Exercise goal:
Retype all data exactly as given. Pictures should not be retyped.

Input data:
== Segment start ==

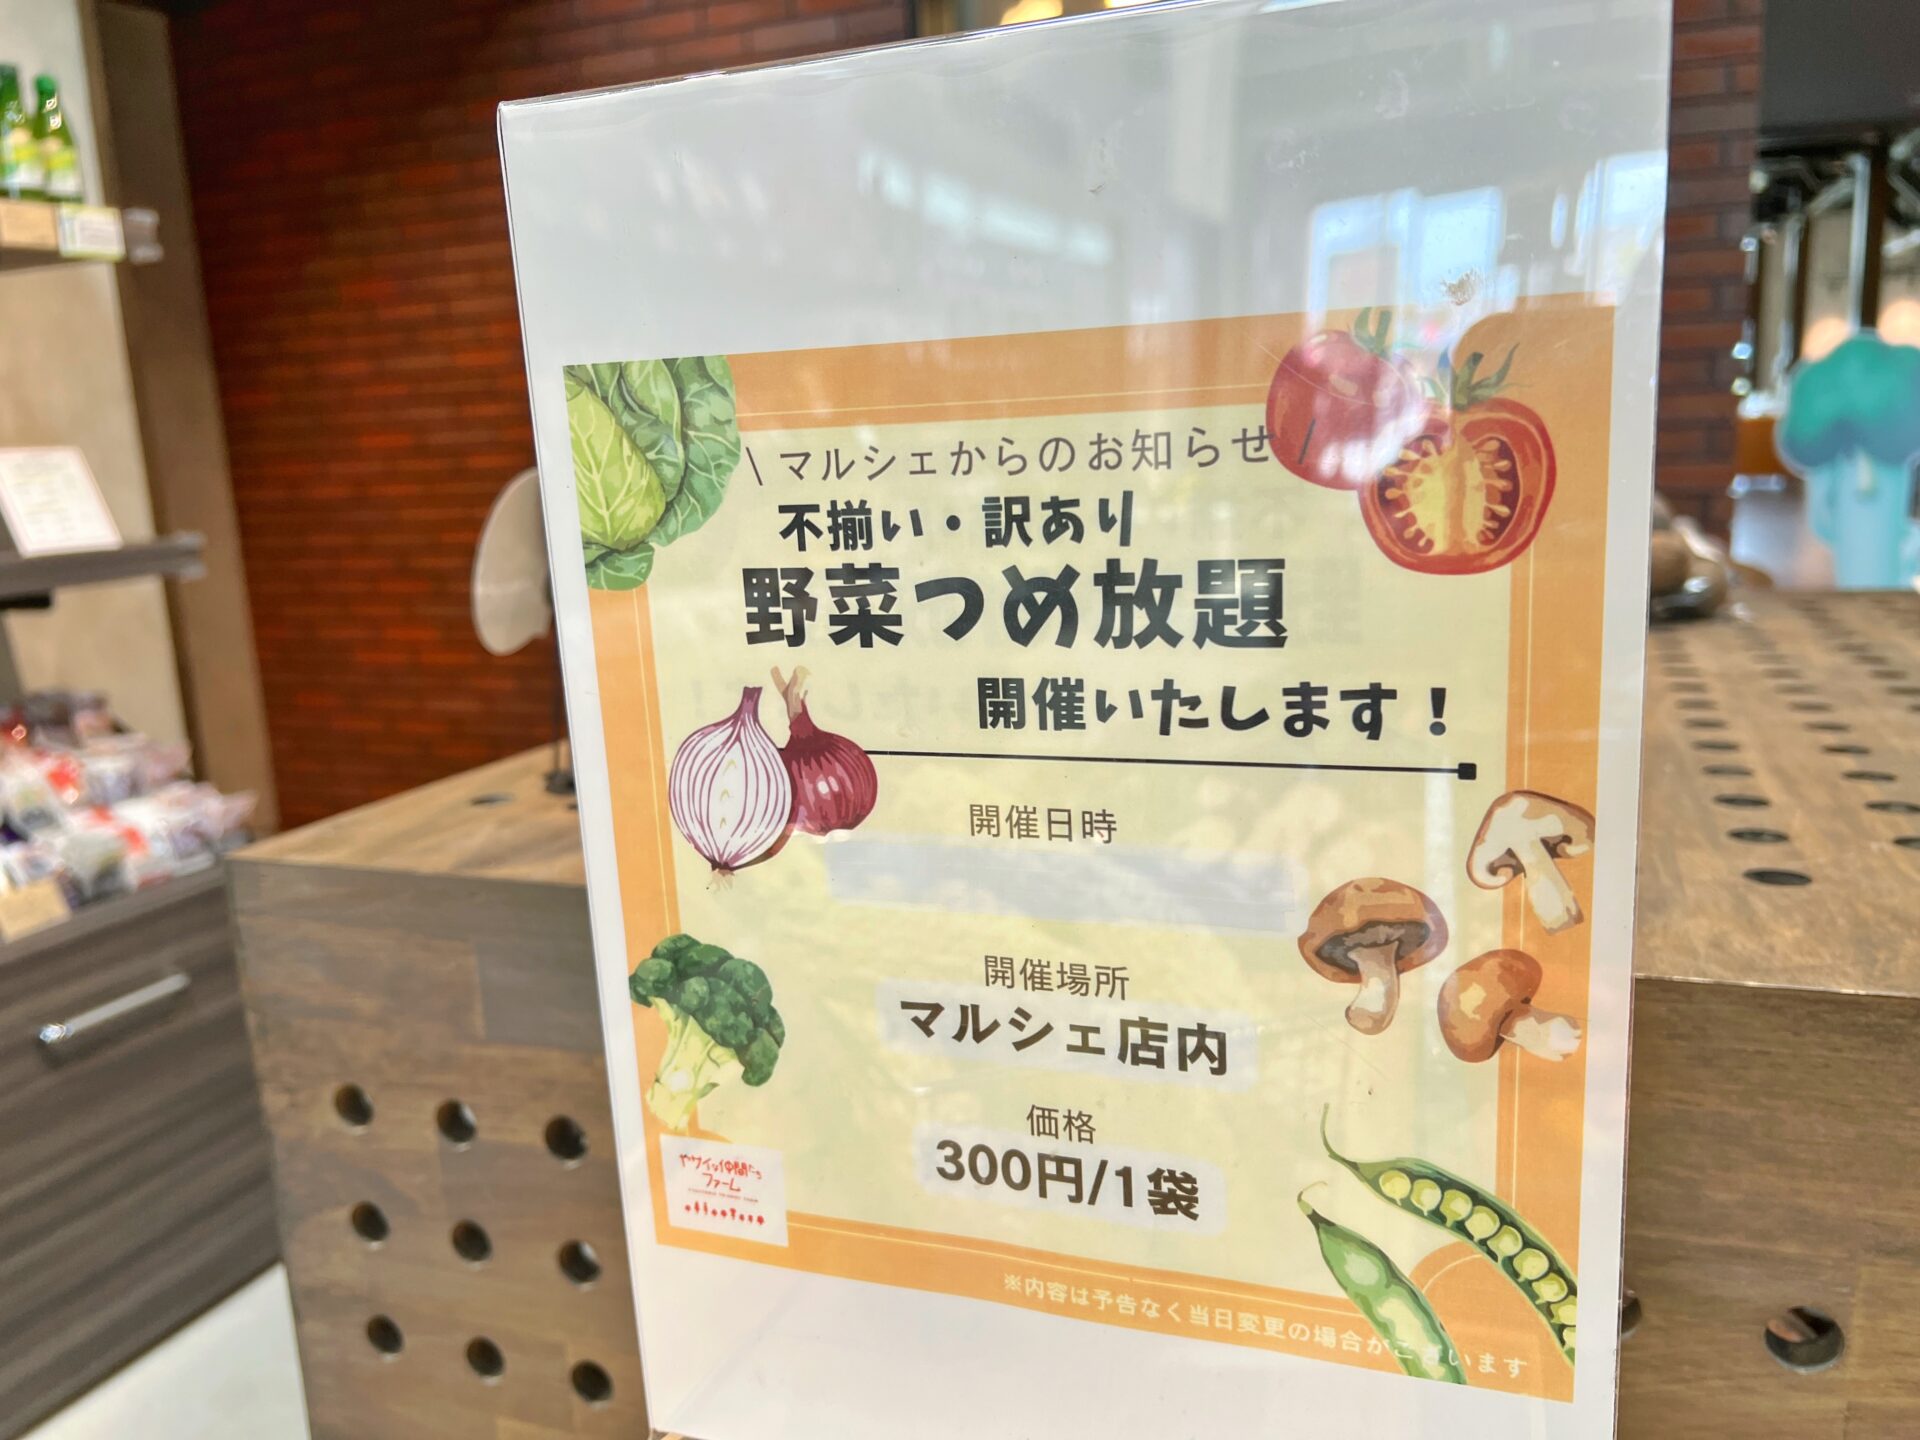 深谷市「ヤサイな仲間たちファーム」500円でできる野菜収穫体験！詰め放題も!?
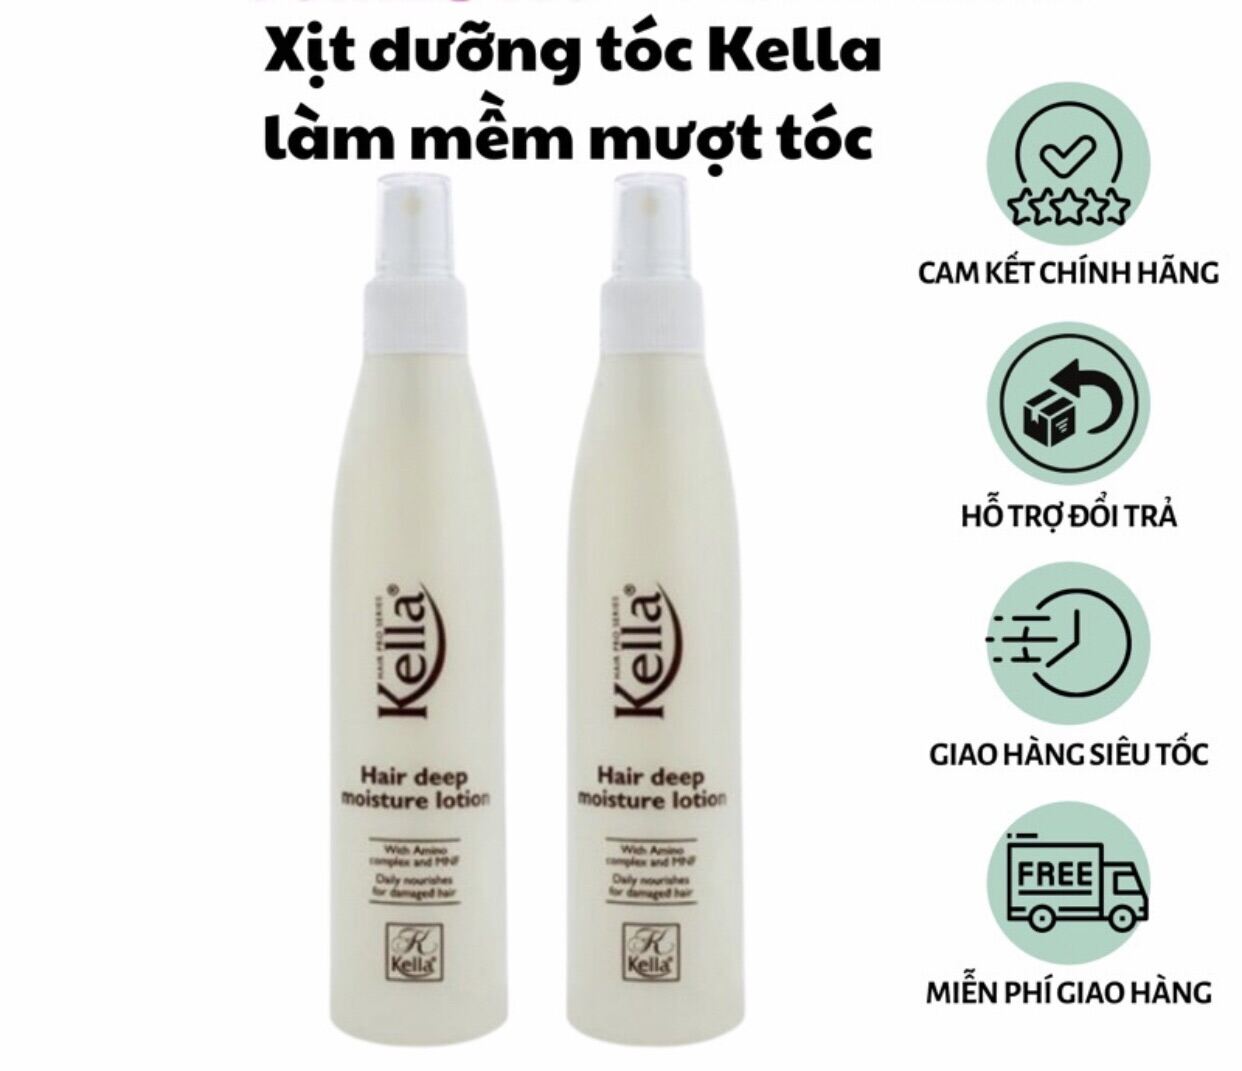 Chính Hãng  XỊt Sữa dưỡng Kella làm mềm mượt tóc 250ml - hair deep
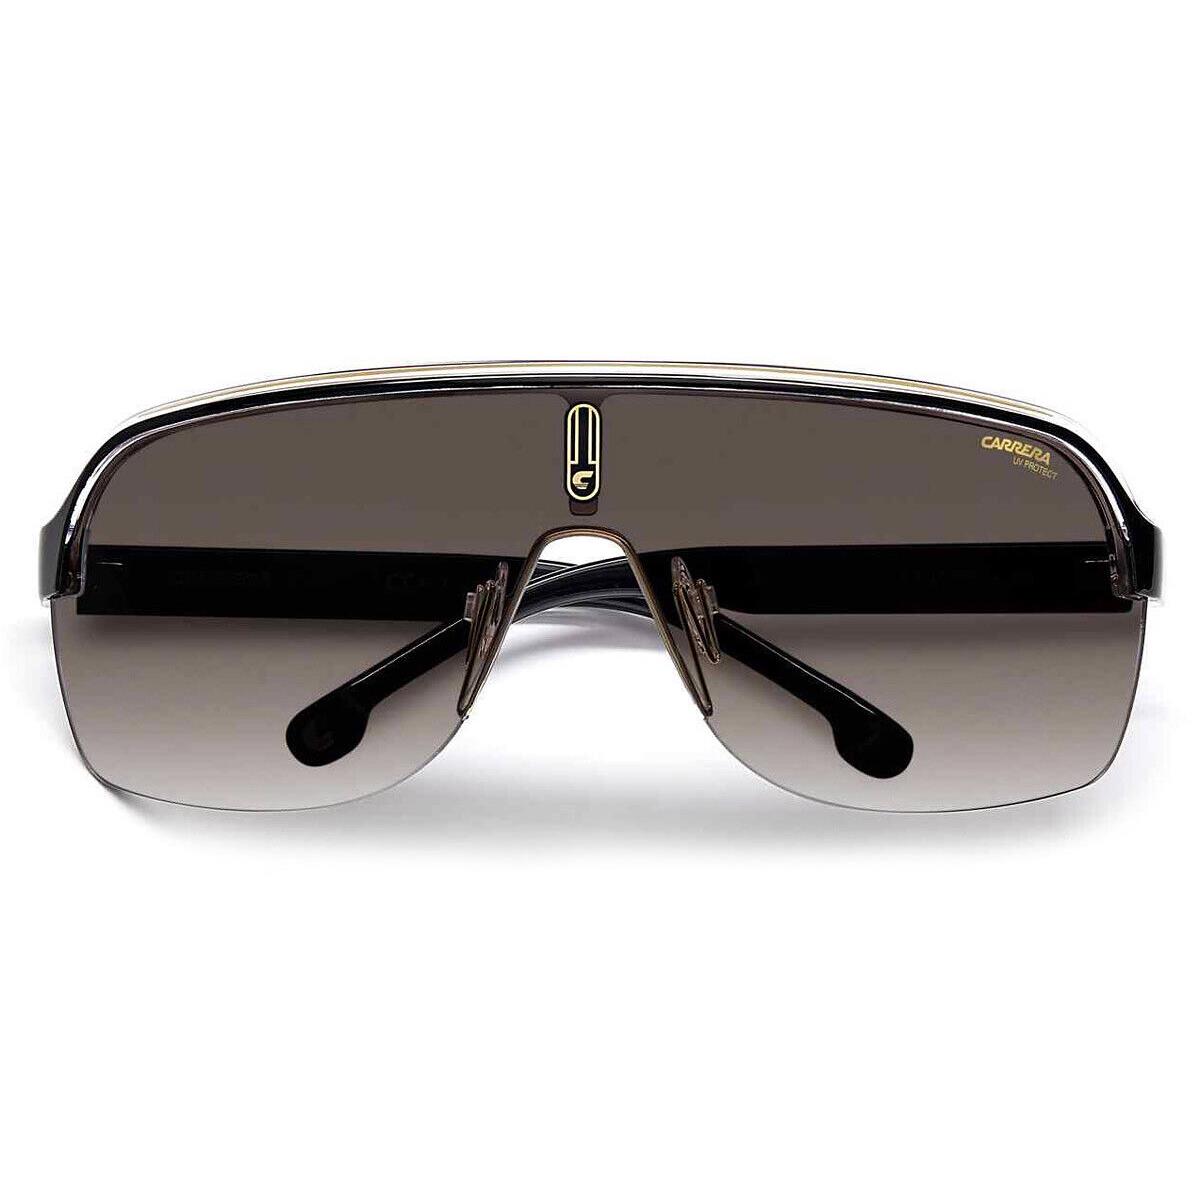 Carrera Topcar 1/N Sunglasses Black Gold Brown Gradient 99

== Segment end ==

Finished exercise:
 深谷市「ヤサイな仲間たちファーム」500円でできる野菜収穫体験！詰め放題も!?
 Chính Hãng  XỊt Sữa dưỡng Kella làm mềm mượt tóc 250ml - hair deep
 Carrera Topcar 1/N Sunglasses Black Gold Brown Gradient 99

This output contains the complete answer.